AIBU to be nervous? Need a bit of a check on this maybe. So bloody confused by all the arguments. Could do with a range of opinions...
2.
OP posts:
thatwouldbeanecumenicalmatter · 07/06/2020 15:59

I hope the "moving things around" didn't include an employee losing hours to enable your DH to piss it up the wall on a ridiculous holiday he can't afford to keep up with the Joneses

schoolsoutforcovid · 07/06/2020 16:04

If you're part of a group chat like it sounds you must be (for them to be putting pressure on) just send a message to it saying for them to go ahead and book without you this time as you can't afford to pay your bills let alone book a holiday at the moment.

Your husbands head might blow off because you've outed him for the piss taking child he is but you'll never have this problem again

BlueJava · 07/06/2020 16:06

He's completely unreasonable in my view.
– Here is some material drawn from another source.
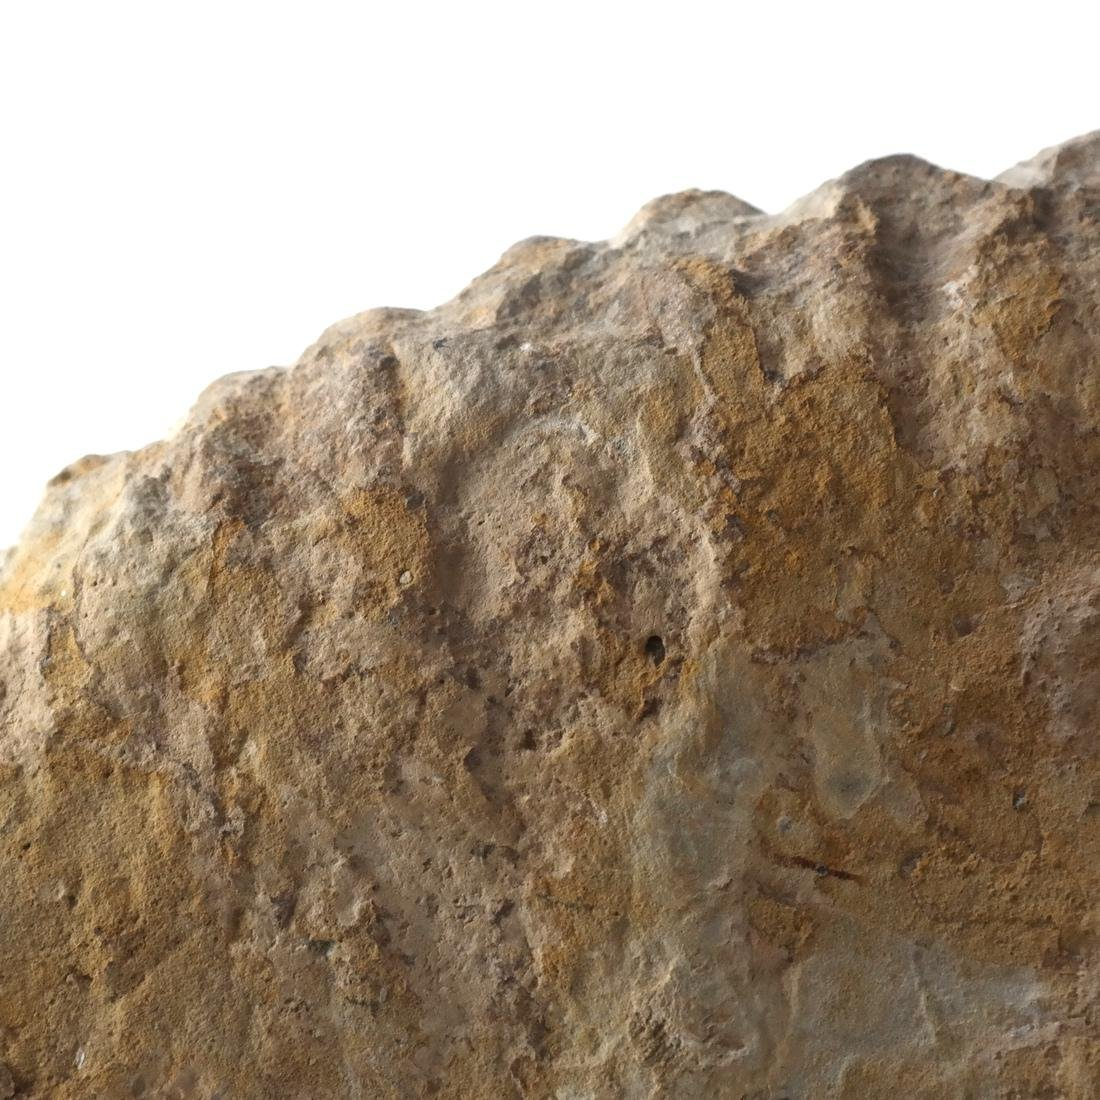 Fossilized Ammonite Specimen - 6

Skiing is really expensive. I've also stopped booking until much closer to the time when there is actually snow. Plus it seems a bit of a pisstake for your parents to help you out - only for an expensive holiday later in the year. I'd defintely be looking at paying them back/giving them something that would say "thankyou" and be useful for them.
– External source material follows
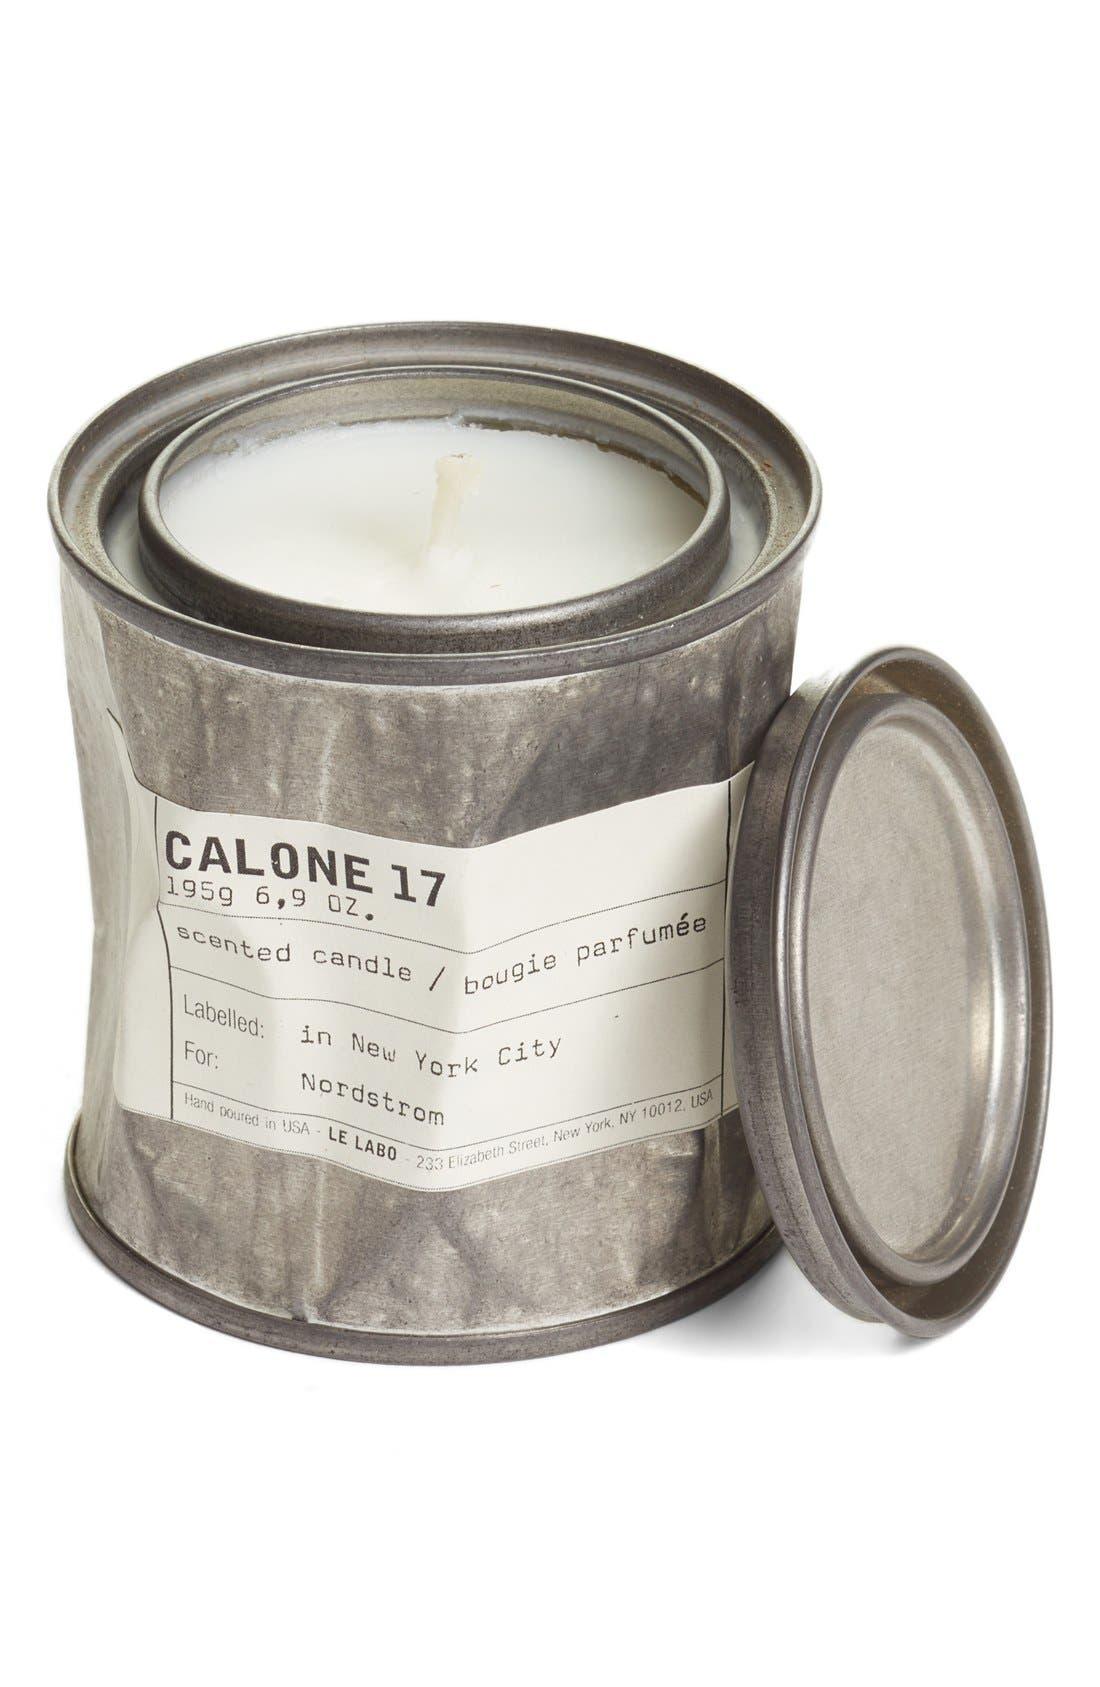 Le Labo 'Calone 17' Vintage Candle Tin

It's also a bit difficult to do teens/smaller kids as one lot for skiing - obviously teens don't want to be held back, the others need to ski with their age range. We love skiing as a family especially now our kids are older - we went over Xmas and lessons and lift passes made great presents but it is expensive.

hedgehogfriendly · 07/06/2020 16:14

@thatwouldbeanecunemicalmatter most definitely not! that was never going to happen..

OP posts:
hedgehogfriendly · 07/06/2020 16:16

@schoolsoutforcovid might have to do something like this. It will bring on a shit show but I think it's all I can do... fuck :(

OP posts:
Clymene · 07/06/2020 16:20

If I were your parents (or his for that matter) and I'd bailed you out and you repaid my kindness and generosity by booking a hideously expensive holiday, I'd be incredibly disappointed. And you may be working for your in-laws but I bet they could hire better qualified people for less.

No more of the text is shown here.